1.c4 e5 2.Nc3 Nf6 3.g3 c6 opens the Reversed Sicilian: 1.c4 e5 2.Nc3... c6, ECO A23. Black plays the Keres Variation — solid, principled, and built around the ...d5 break. The c6-pawn supports a future ...d5 push while denying White's pieces the natural square.
Strategic Overview
3...c6 is the Keres Variation, a structural reply to the Bremen System. The idea is simple: prepare ...d5 with full pawn support and turn the position into a Black version of the Slav. Once Black gets ...d5 in, White's fianchettoed bishop on g2 has less work to do because the d5-pawn blocks the long diagonal. White's main task now is to find a way to undermine the c6-d5 pawn duo before it becomes permanent. Options include cxd5 followed by Nf3 and d3 to pressure e5, or e3 and d4 to challenge the center from underneath. Black's setup is comfortable and hard to break — ...Bg4 or ...Bf5 develops the light-squared bishop actively before ...e6 ever locks it in, and ...Nbd7 or ...Na6 finishes piece development. The middlegame typically becomes a slow positional battle around the c-file and the d5-square. White has a slight space advantage but no real targets; Black has a solid structure with active pieces. It's the kind of opening where understanding matters more than memorization — both sides need to know what they're aiming for.
Key Ideas
The recurring motifs below distinguish a confident handler of this opening from a beginner:
- Prepare ...d5 with full support — The c6-pawn backs up an eventual ...d5 push. Once Black gets ...d5 in safely, the structure becomes a Slav-style fortress that's very hard to crack.
- Neutralize the Bg2 bishop — Once ...d5 lands, White's fianchettoed bishop has limited scope. That's the structural goal of the Keres setup — make White's best piece look ordinary.
- White's main lever is cxd5 or e3-d4 — Undermining the c6-d5 pawn duo is essential.
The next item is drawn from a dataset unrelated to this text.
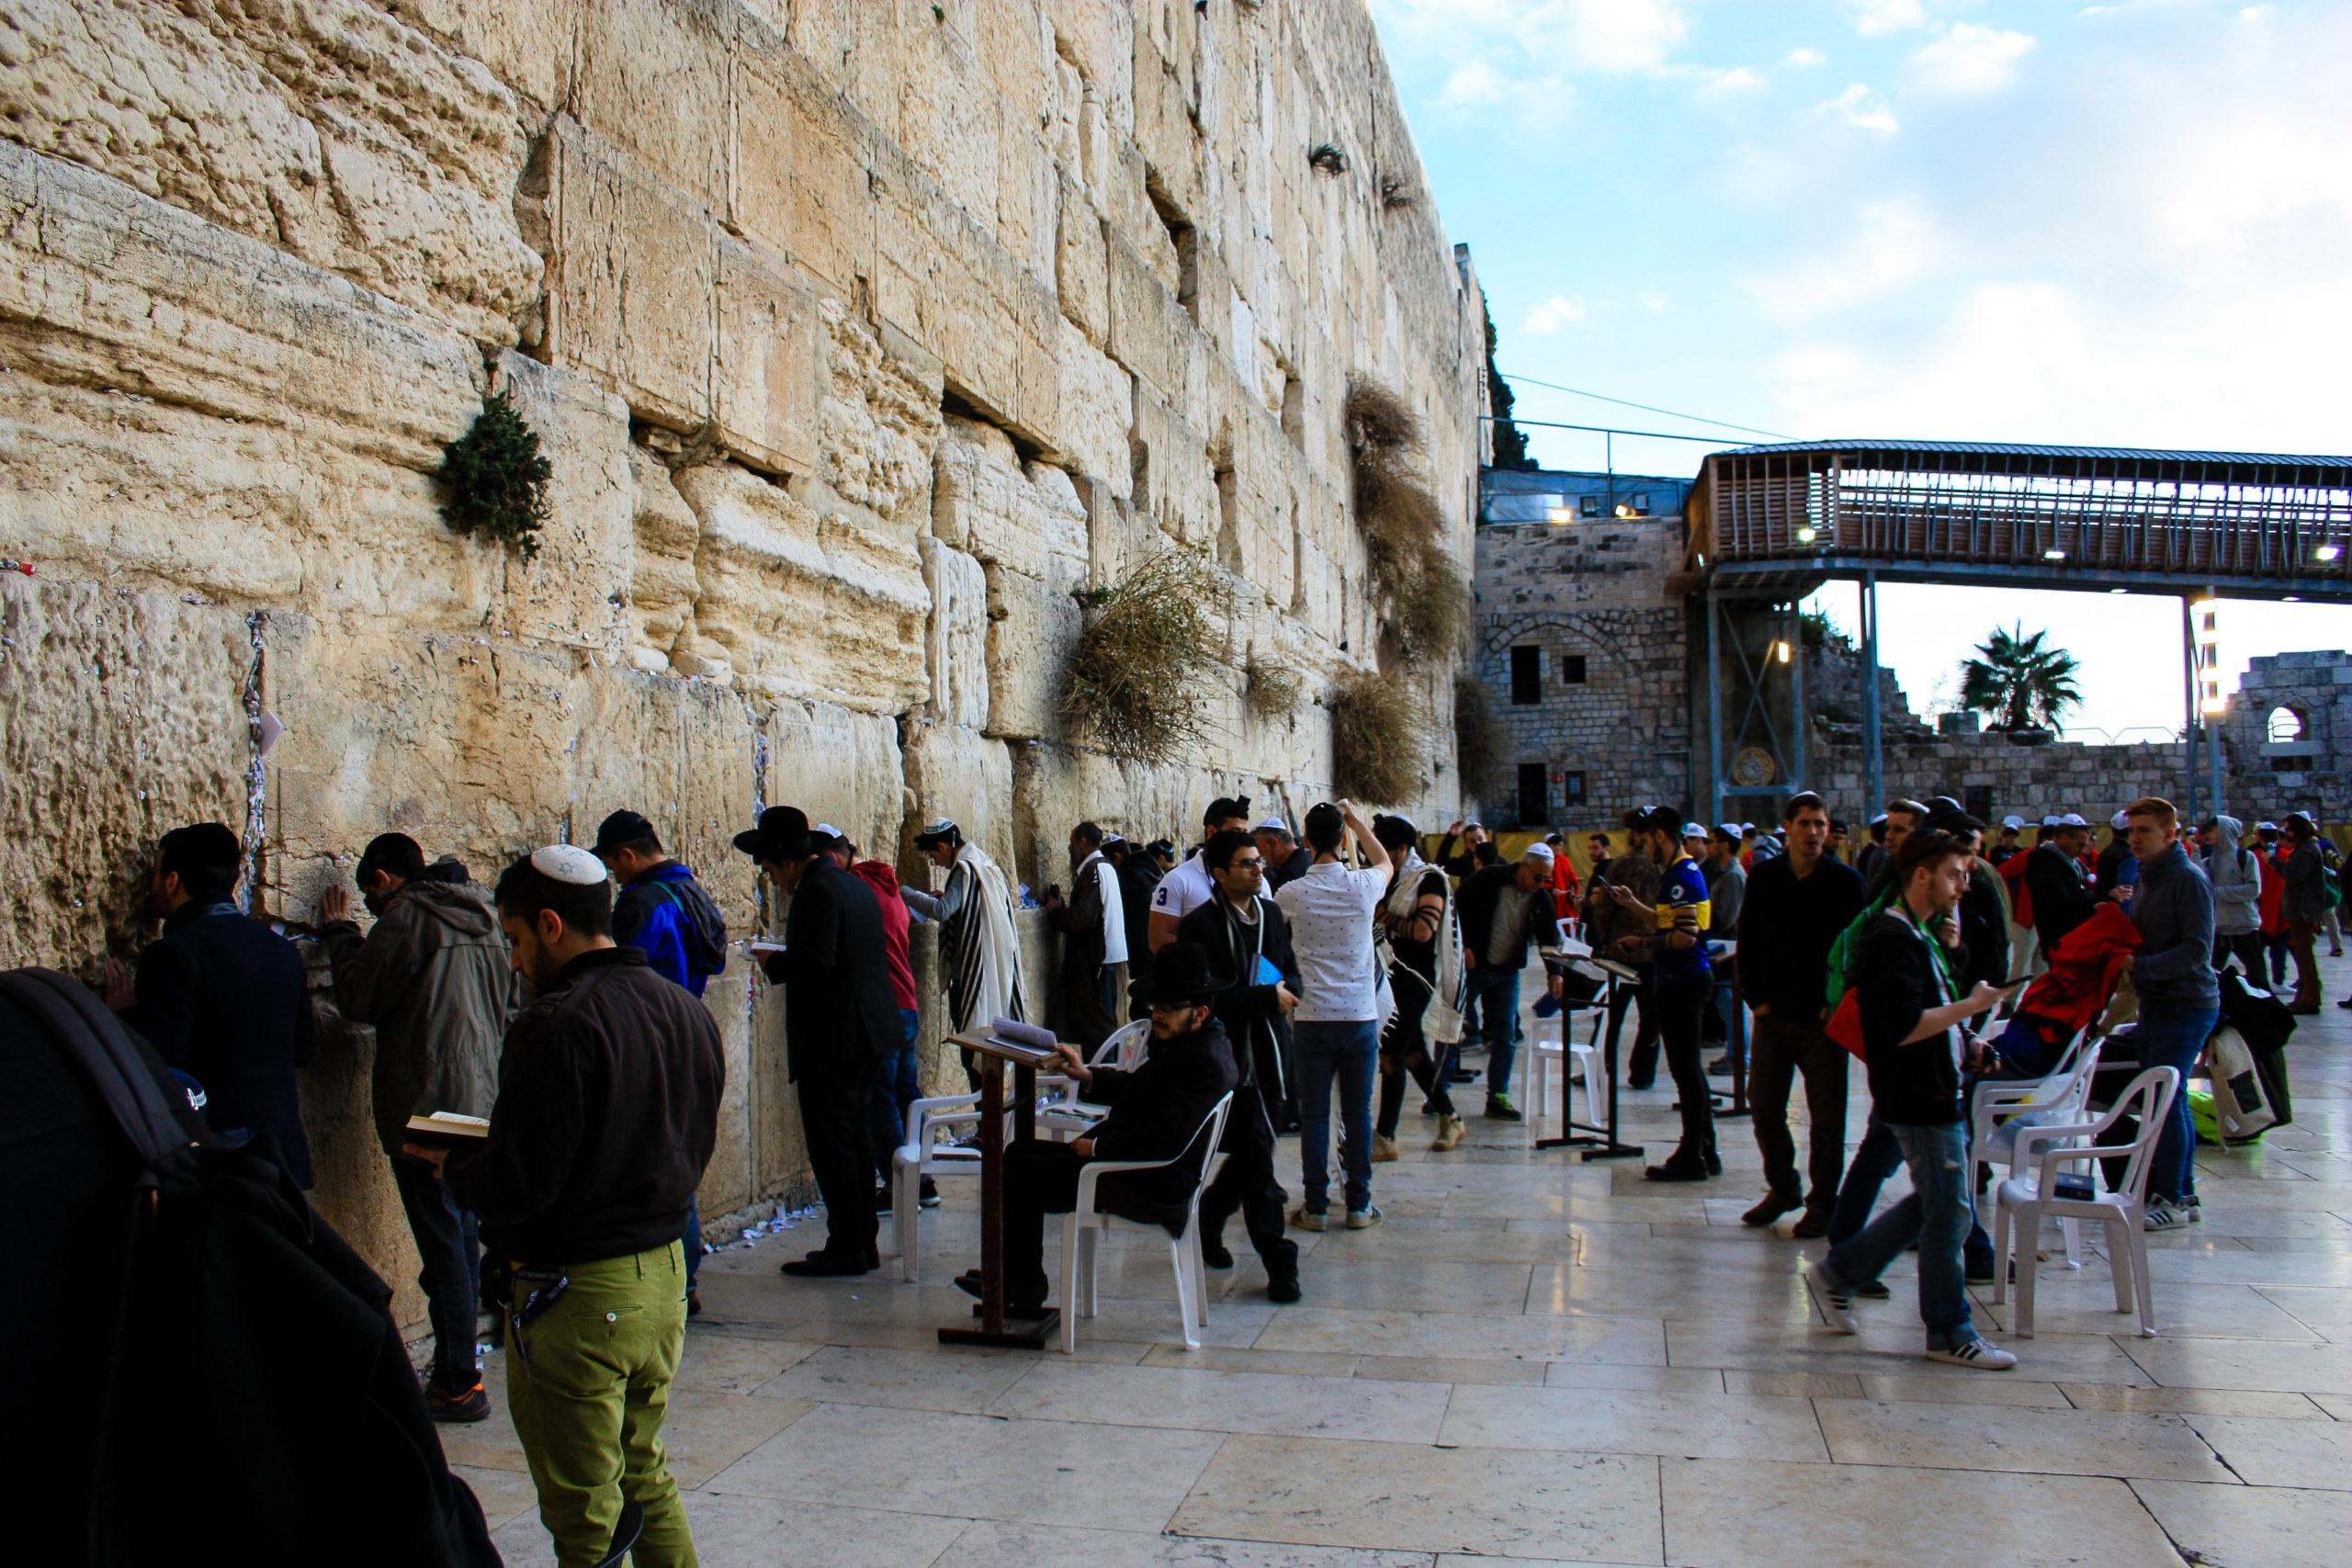 Rire de la Bible, le pari osé d'une série israélienne

Either trade on d5 to open the c-file, or build a kingside structure with d4 to challenge the center from below.
- Develop the light-squared bishop early — Before locking it in with ...e6, get the c8-bishop to f5 or g4. That's the piece that suffers most if you delay; everything else has natural squares.
History and Notable Players
It arises from the Reversed Sicilian: 1.c4 e5 2.Nc3... Nf6. On the White side, Normunds Miezis (17 games), Mark E Taimanov (7 games), Georg Schuler (6 games) top the database. Notable Black exponents: Paul Keres (13 games), Peter Rahls (8 games), Alexander Raetsky (8 games).
Performance Across Rating Levels
The picture changes a lot as you climb the rating ladder. At 1200 Elo, the opening shows up in 0.01% of games (51,514 samples). White scores 50.1%, Black 46.5%, draws 3.4%. Move up to 1800 Elo and the share shifts to 0.03%, with White winning 50.2% versus Black's 44.7%. At 2500, 0.03% of games go into this opening; draws sit at 10% — the line is well-mapped at this level. White's edge erodes by 6.9pp from 1200 to 2500 Elo, suggesting Black's counterplay is easier to find with experience.
Time Control Patterns
Look at the same opening across time controls and blitz stands out. In bullet, it appears in 0.01% of games (221,023); White wins 50.8%. Blitz shows 0.02% adoption across 593,008 games, White scoring 50%. In rapid, the share rises to 0.02% — 177,545 games, White 49.6%.
Move Diversity and Theory Depth
Looking at move selection shows how forcing — or not — the position really is. At 1200 Elo, the top reply is Bg2, played 87.2% of the time. There are 1 other moves seeing meaningful share, and 93.9% of games stick to established theory. Entropy: 0.89. By 2500, Nf3 dominates at 36.9% of replies; only 3 viable alternatives remain and 97.7% of moves are theory. Entropy drops to 1.74. Even elite players don't fully agree on the best continuation here, which keeps the position dynamic.
Historical Trends
Long-term, the trajectory of this opening is informative. Adoption peaked in 2020 at 0.02% (99,164 games). By 2025 it sits at 0.02% — a 70% shift overall, leaving the line on the rise.
Common Mistakes
- Neglecting development — Extra pawn moves in the opening are tempting, especially when you "know the moves". Developing a piece each turn is the simple correction.
- Ignoring the kingside attack — In sharp Sicilian lines, White typically castles long and pushes the h-pawn. Without your own counterplay on the queenside or in the centre, White's attack lands first.